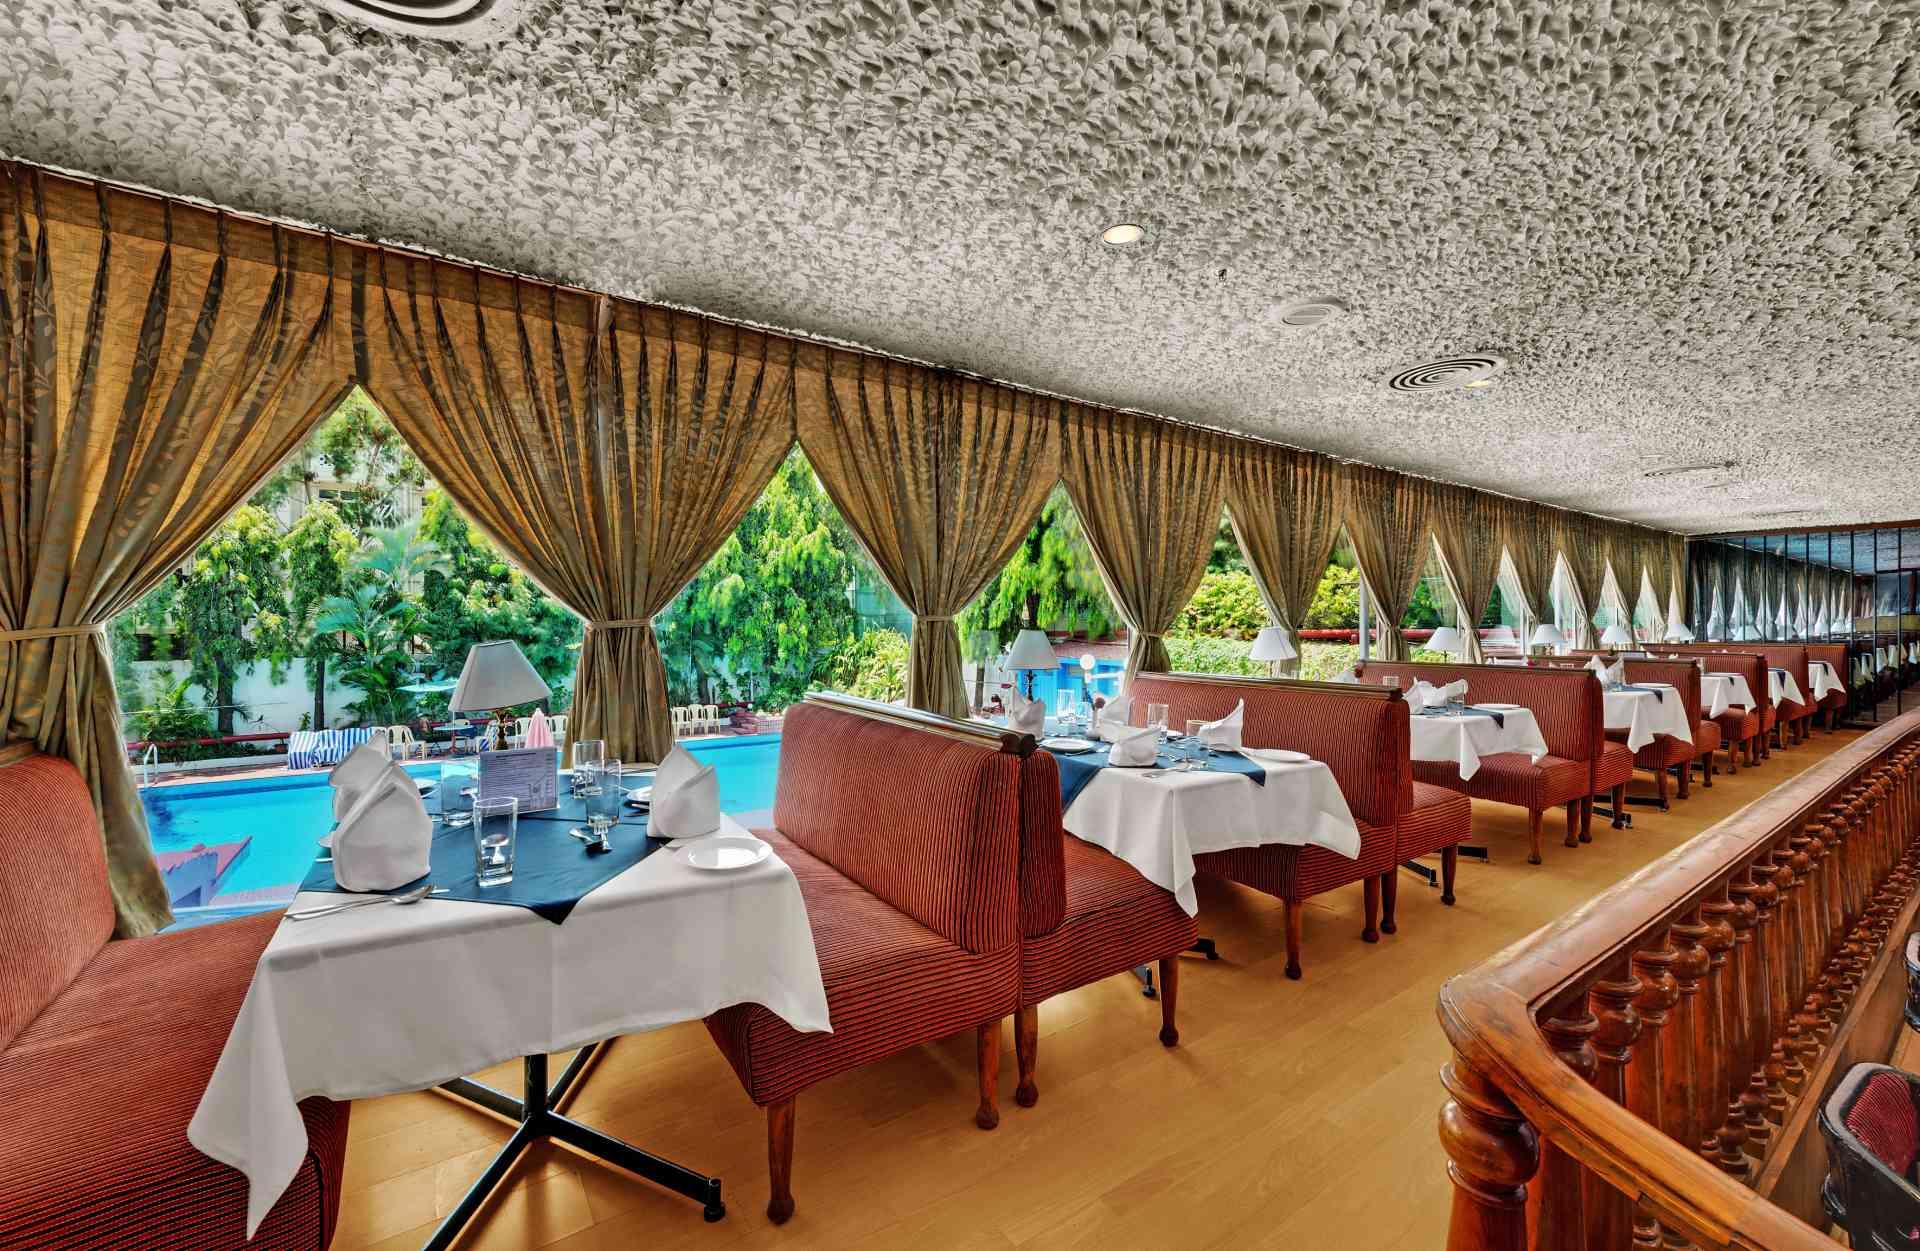 Chennai The Society Restaurant Pool View Ambassador Palava - The Ambassador | Heritage Hotels in Mumbai, Aurangabad, Chennai - Ambassador Pallava Chennai
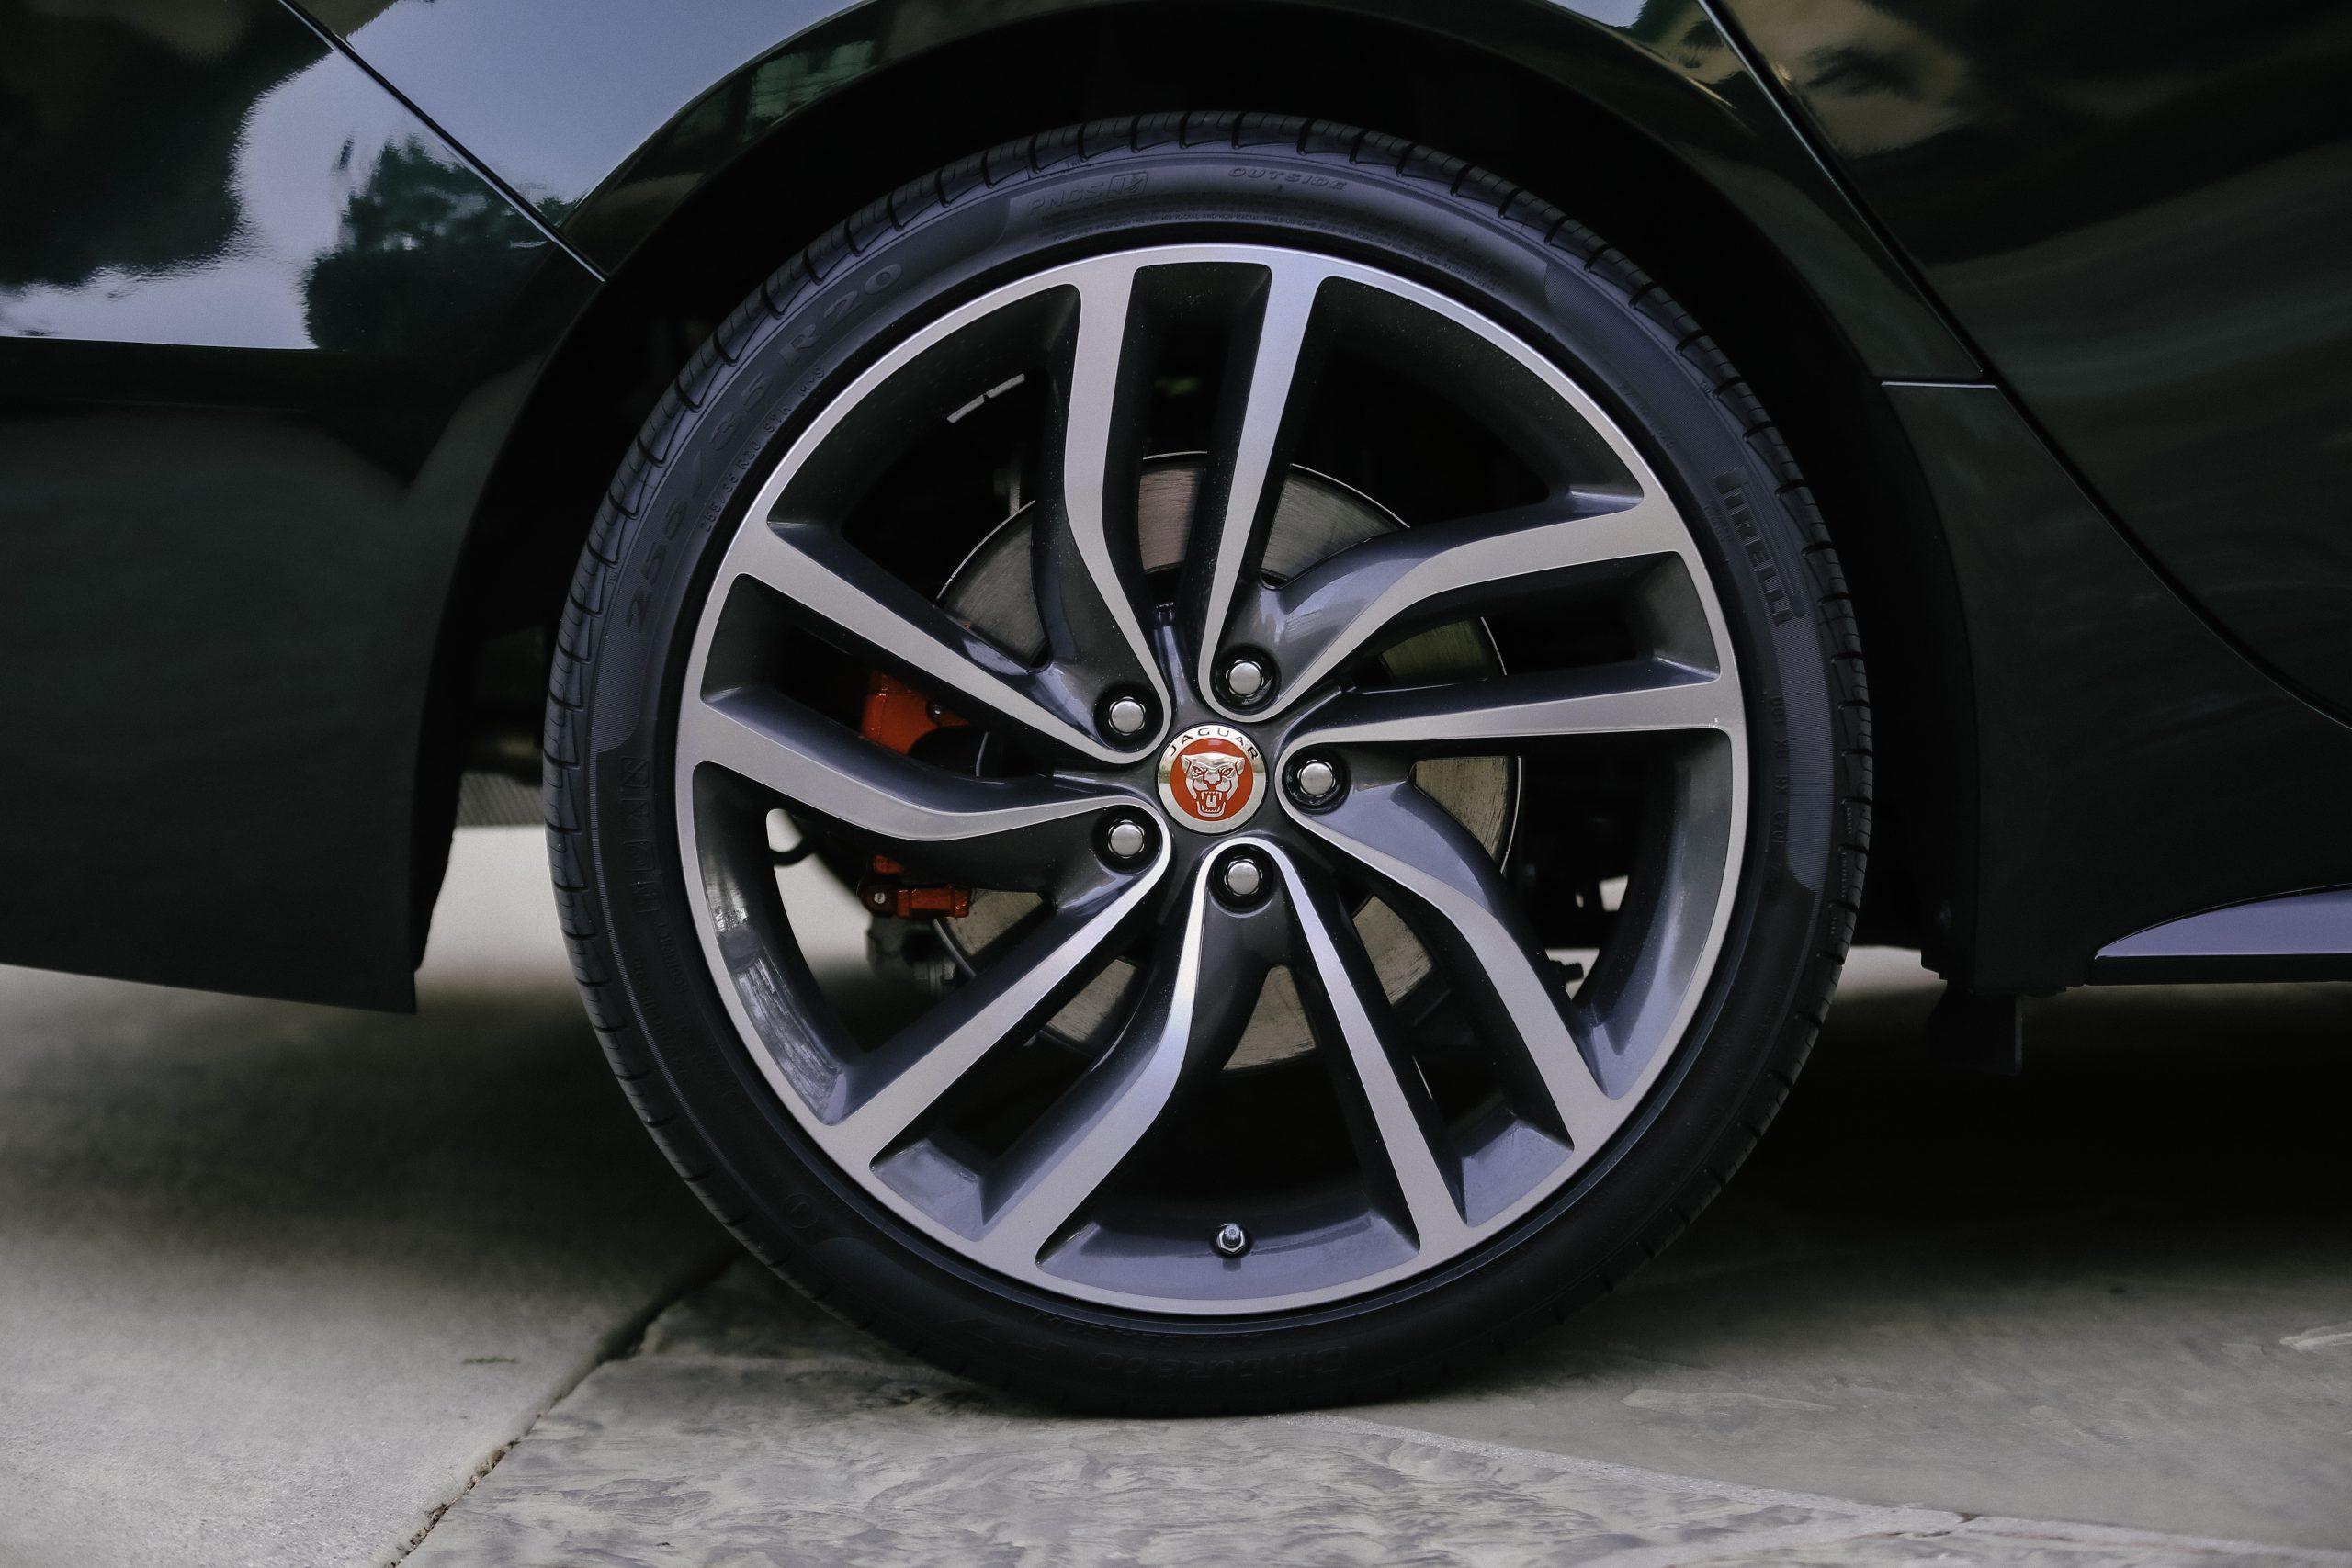 2021 Jaguar XF P300 R-DYNAMIC SE wheel
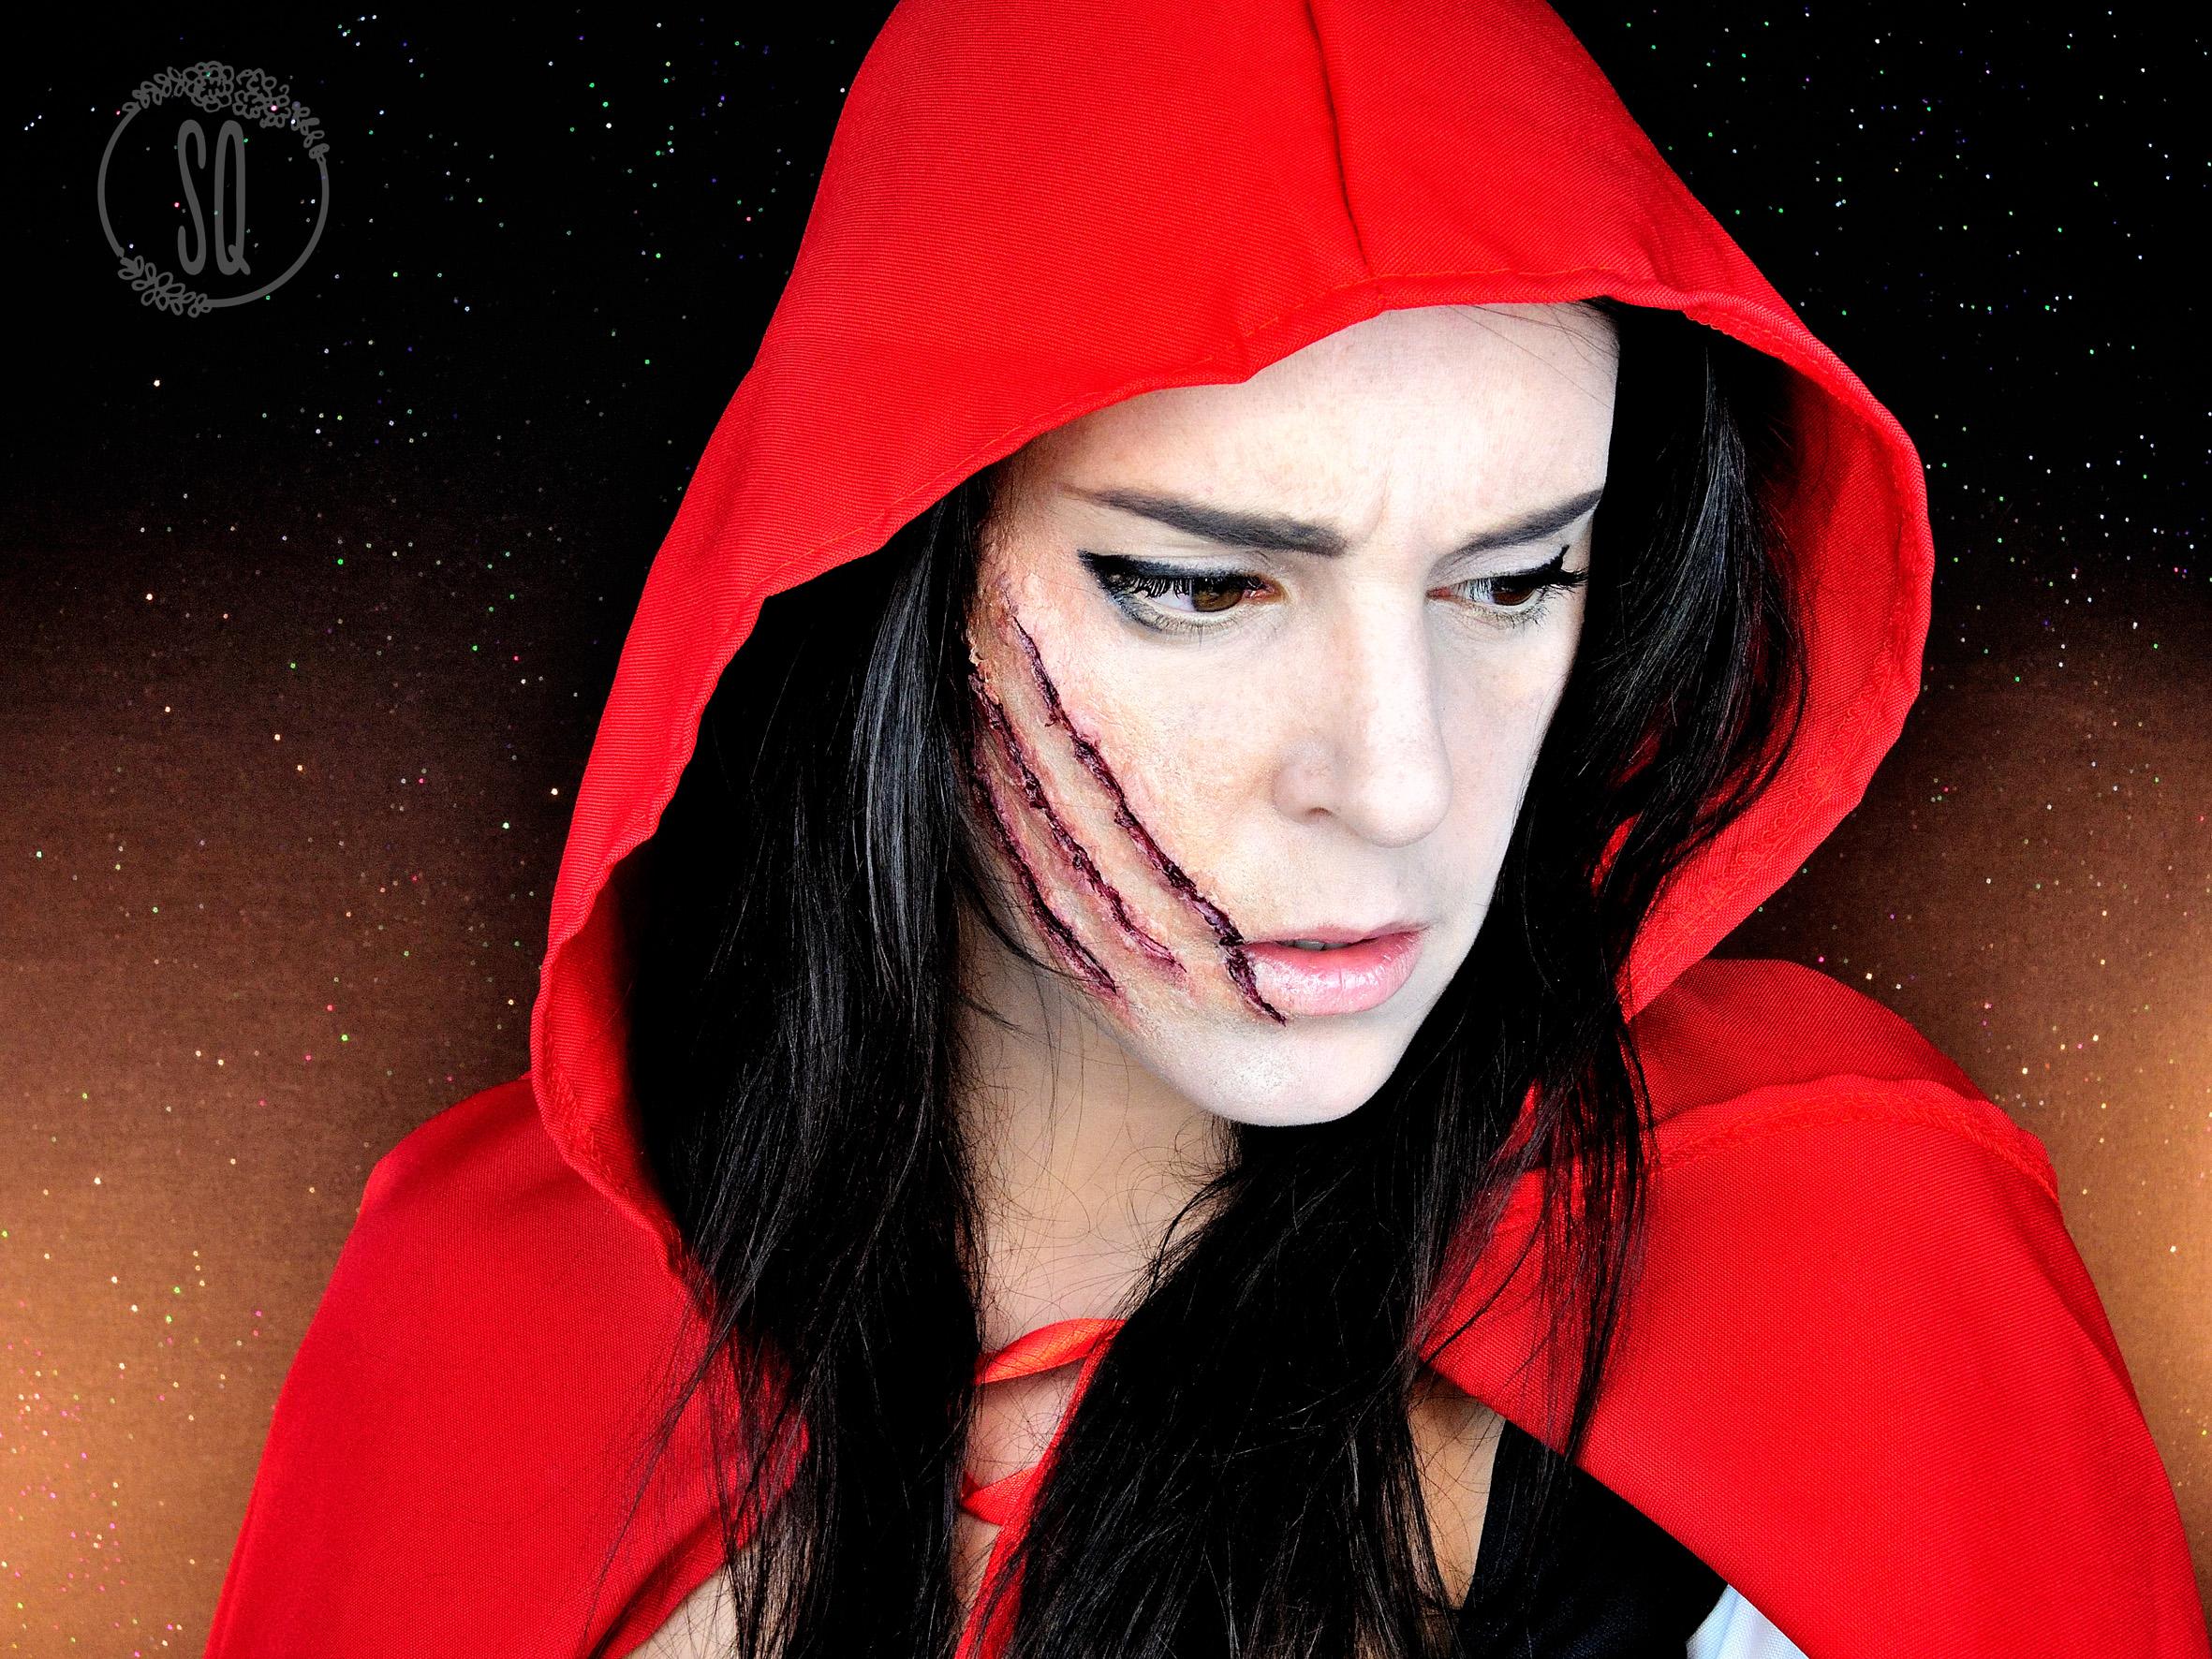 Caperucita Roja Halloween.Caperucita Roja Personaje De Cuentos 1 Maquillaje Fx
_ _ _ _ _
**What the exercise asks:**
Extract all the data above exactly, excluding every picture.

**Response to the task:**
 Chennai The Society Restaurant Pool View Ambassador Palava - The Ambassador | Heritage Hotels in Mumbai, Aurangabad, Chennai - Ambassador Pallava Chennai
 2021 Jaguar XF P300 R-DYNAMIC SE wheel
 Caperucita Roja Halloween.Caperucita Roja Personaje De Cuentos 1 Maquillaje Fx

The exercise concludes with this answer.